There have recently been some changes, in particular the emergence of the Party for Modern Centre (SMC), whose leader Miro Cerar became prime minister in 2014, illustrating Slovenians’ weariness with the existing political situation. “At least the seeds of some improvement should have been planted, though this may be wishful thinking on my part,” says Guardiancich.
Until then, the polarised political scene held back reform, in particular privatisation, which is one of the most contentious issues in Slovenia - something the country has in common with other former Yugoslavian states. Guardiancich attributes this partly to Slovenia’s long history under foreign occupation. However, he adds that a bigger problem than the ownership structure is “the type of governance structures inherited from socialist Yugoslavia and the absolutely inefficient privatisation process”.

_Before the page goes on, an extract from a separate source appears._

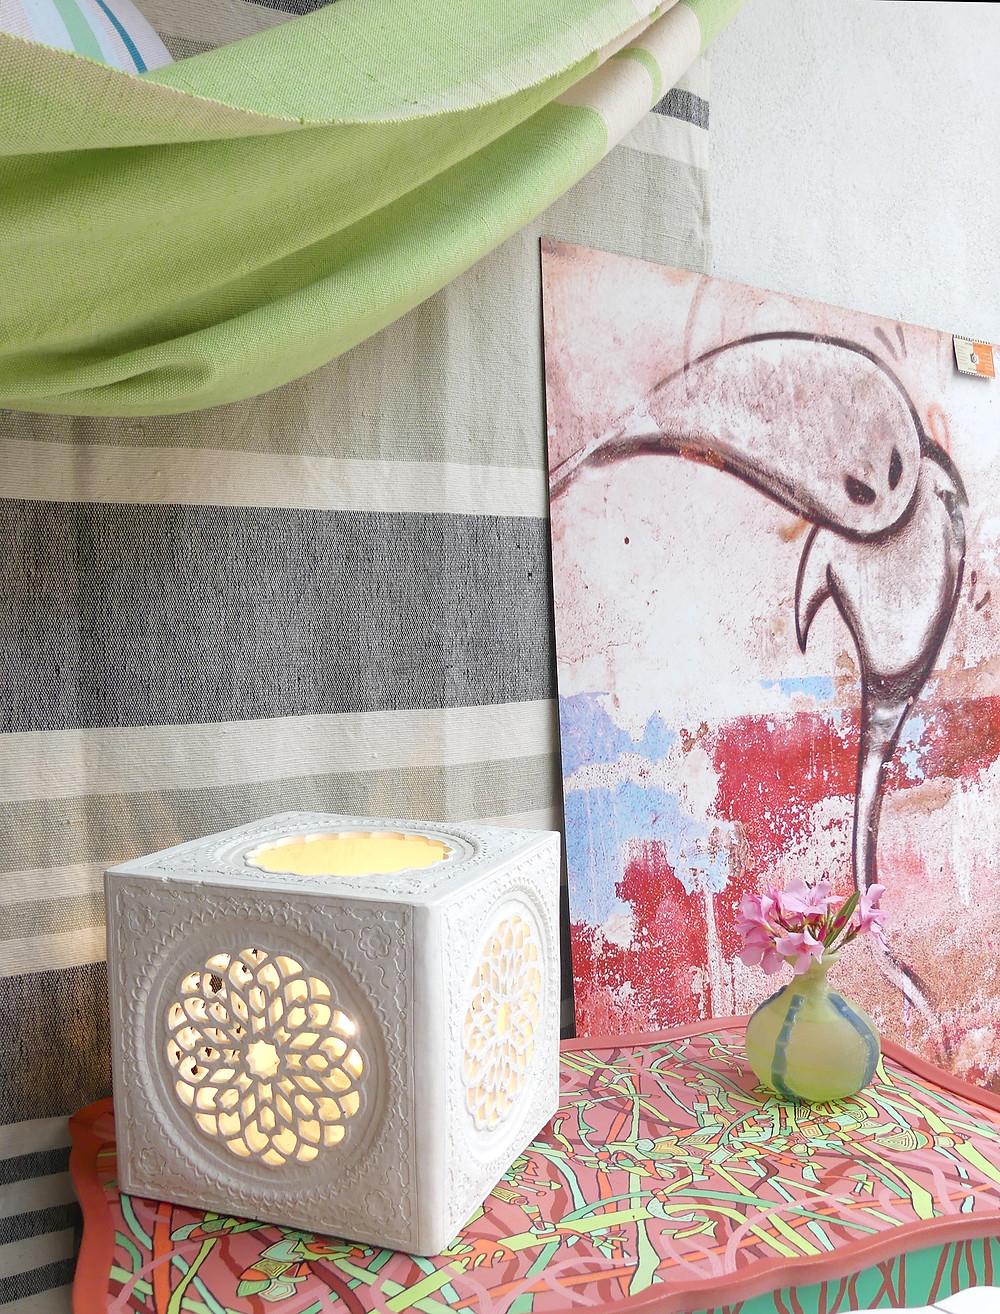 création d'ambiance avec l'art et l'artisanat originaire d'Elne

Substantial parts of the economy remain in state hands. An attempt to sell one of Slovenia’s largest and most profitable companies, telecoms incumbent Telekom Slovenije, flopped in 2014. Plans to sell the country’s largest bank, Nova Ljubljanska Banca (NLB) could also be held back by controversy over the appointment of new board members.

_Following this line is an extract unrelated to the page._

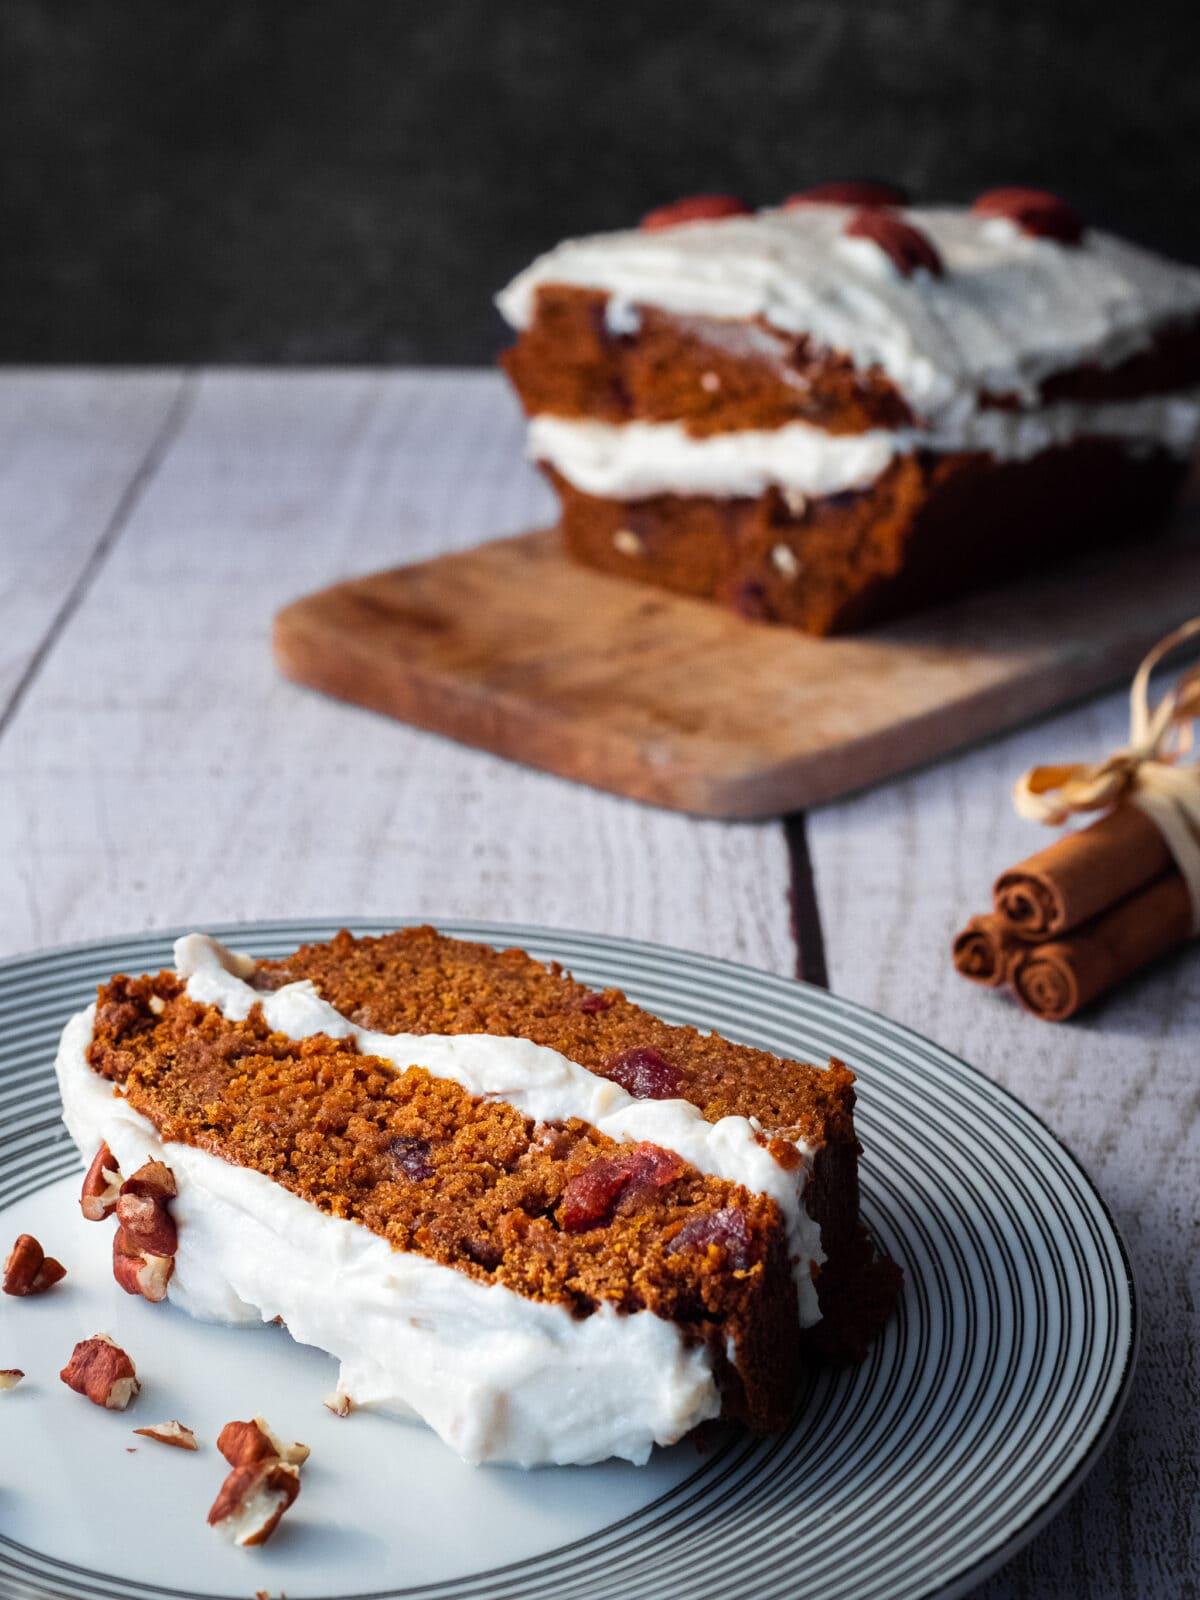 une part de carrot cake dans une assiette a dessert sur une table en bois avec des batons de cannelle et le carrot cake sur une planche a decouper en arriere plan

Both Guardiancich and Prijon warn that the lack of deep structural reforms could hold back Slovenia’s growth in future. “The unstable equilibrium endured for the first 15 years of sustained growth because Slovenia was catching up,” Guardiancich says, but notes that even before the crisis, growth started to slow and concerns were raised about the future. “Slovenian exports were slowly losing their competitiveness ... all the symptoms were piling up, rendering the economy more vulnerable in time.”

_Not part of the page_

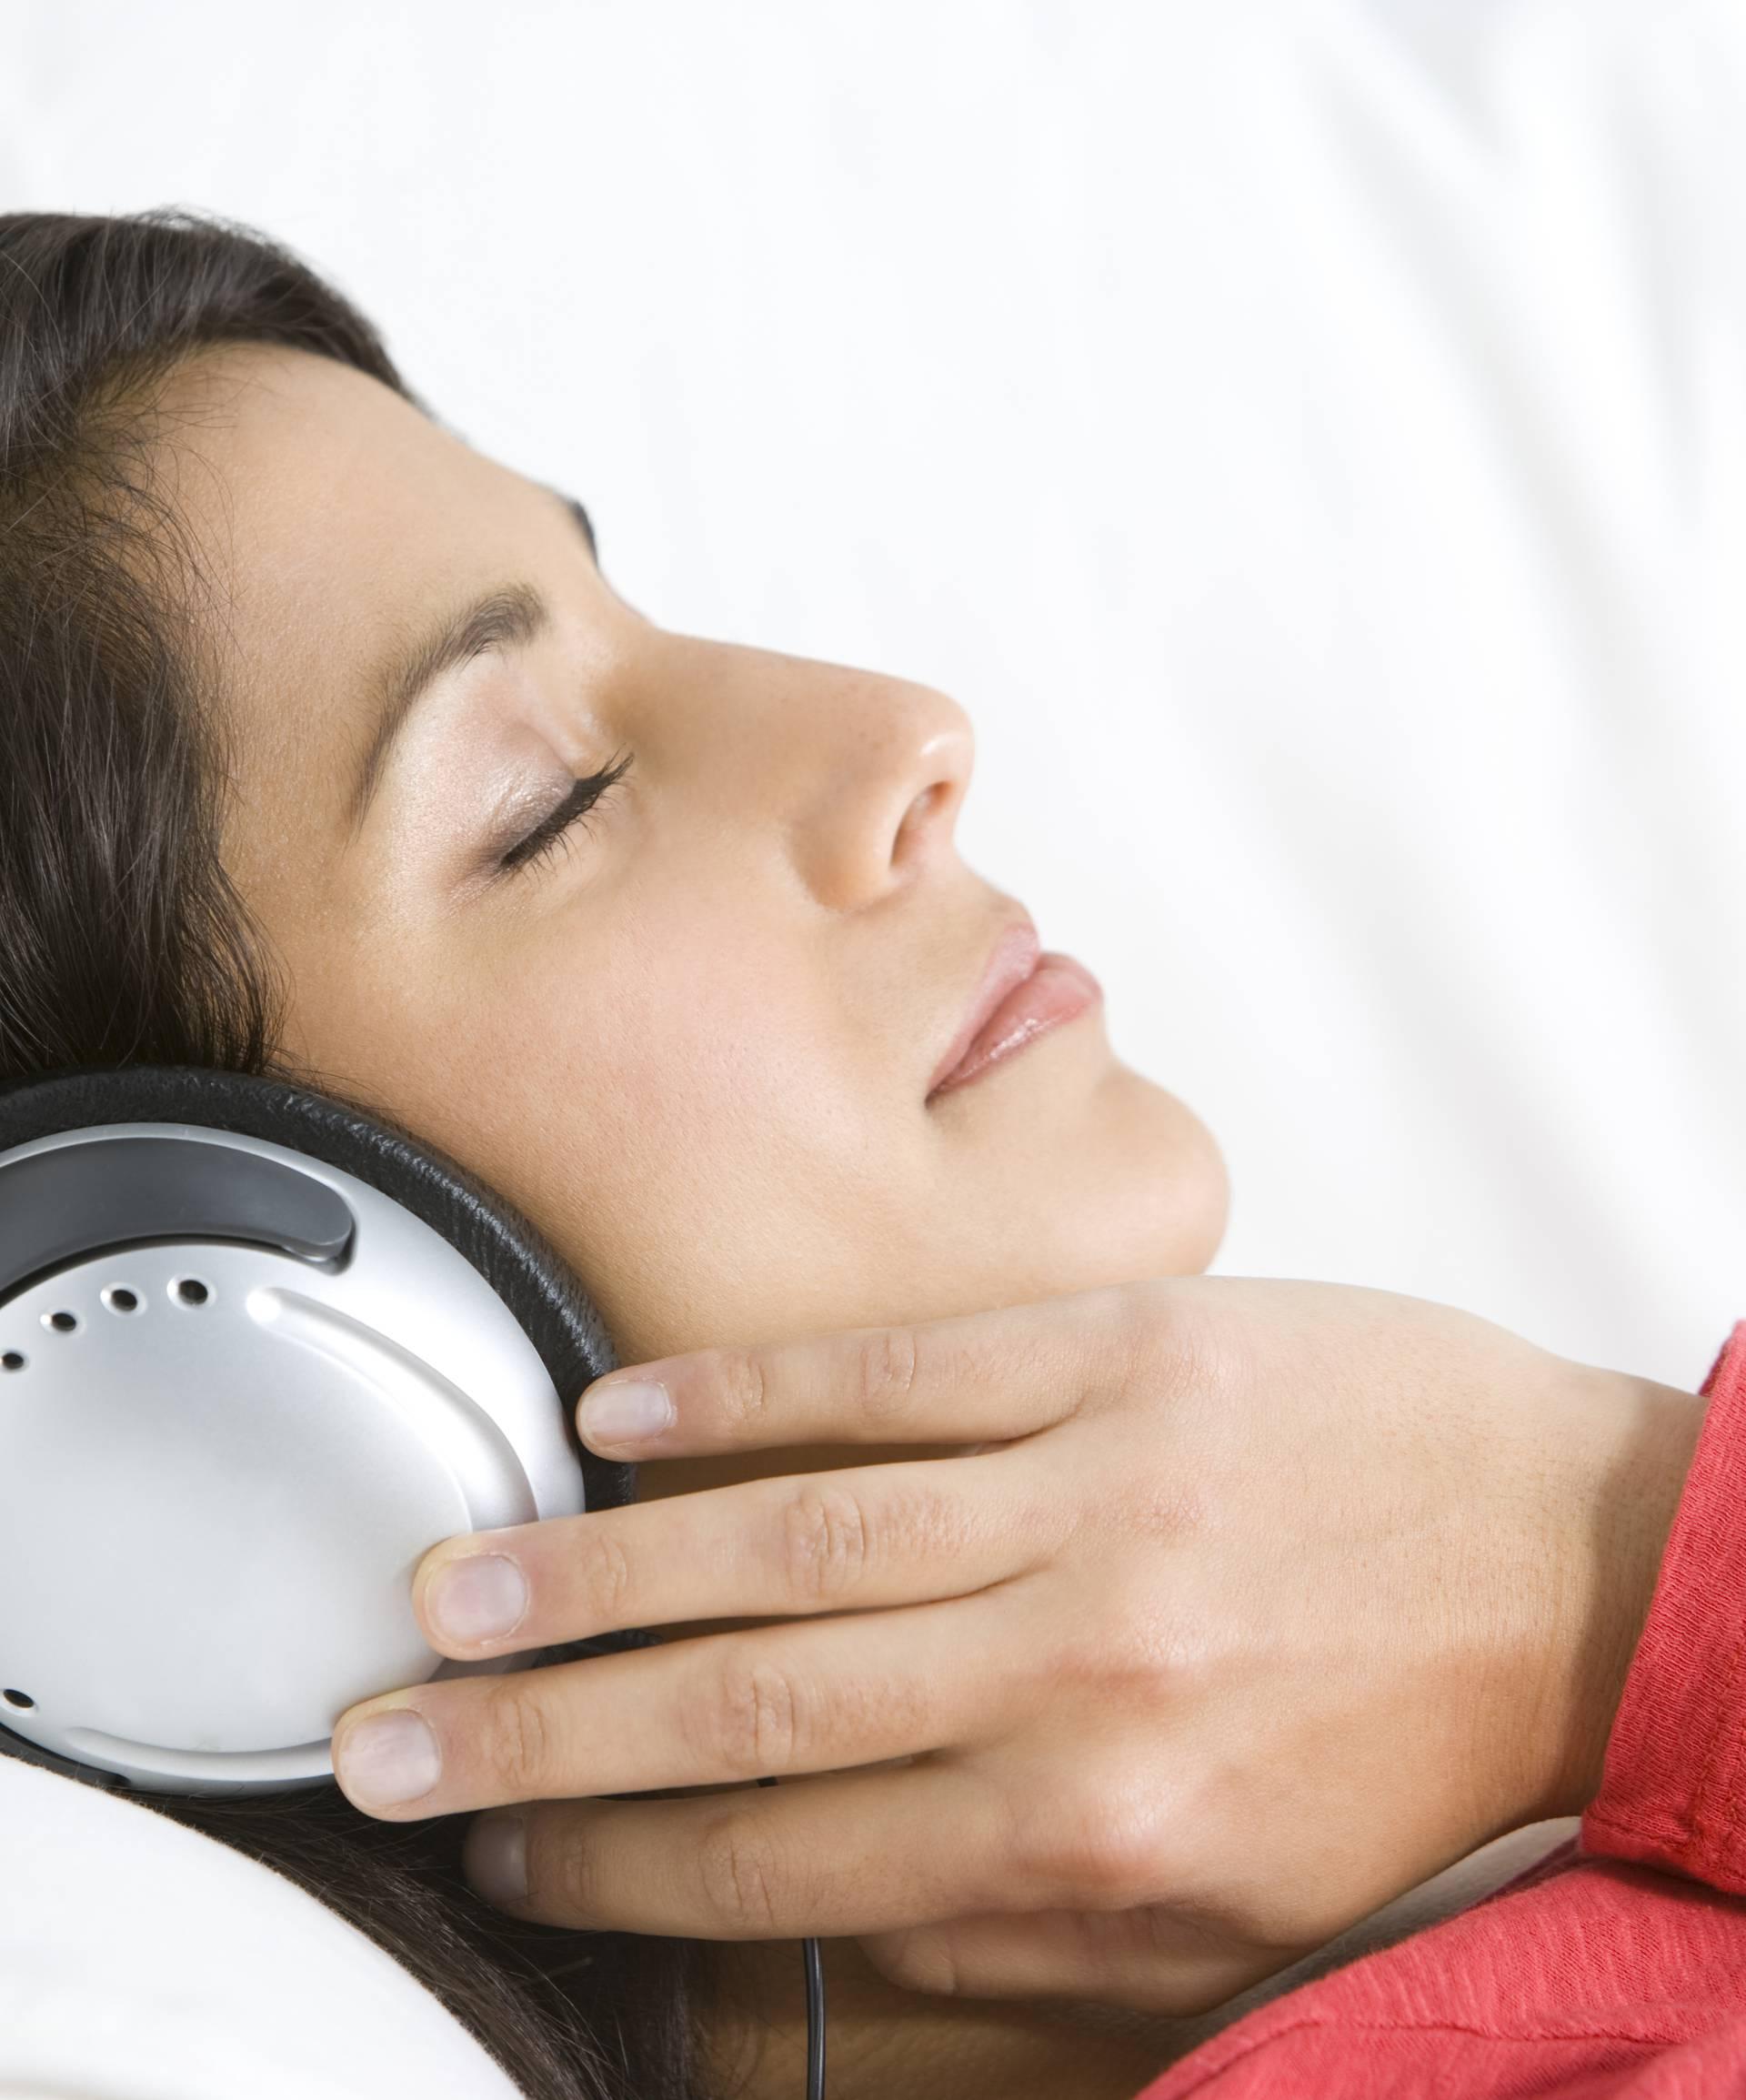 'Pacijenti se slušanjem glazbe lakše oporavljaju od moždanog'

Meanwhile, Prijon points to the relatively low levels of FDI in Slovenia compared to CEE countries, and criticises the “non-transparent ownership transformations along with a non-liberal economic system dominated by strong centralisation ... which remain the key legacy of the Slovenian economic transition.” These factors reduce the potential of the Slovenian economy, she concludes.
Slovenia is still far ahead of other countries from the region; even Croatia, the only other ex-Yugoslavian EU member, is in no danger of catching it up any time soon. GDP growth has rebounded since the crisis, and despite a small dip this year, is set to revive to a healthy 2.3% in 2017 according to the European Commission. However, in the longer-term, Slovenia will have to pursue reforms, specifically privatisation, if it is to remain competitive.
This article is part of a series bne IntelliNews is running to mark the 25th anniversary of the split of Yugoslavia on June 25.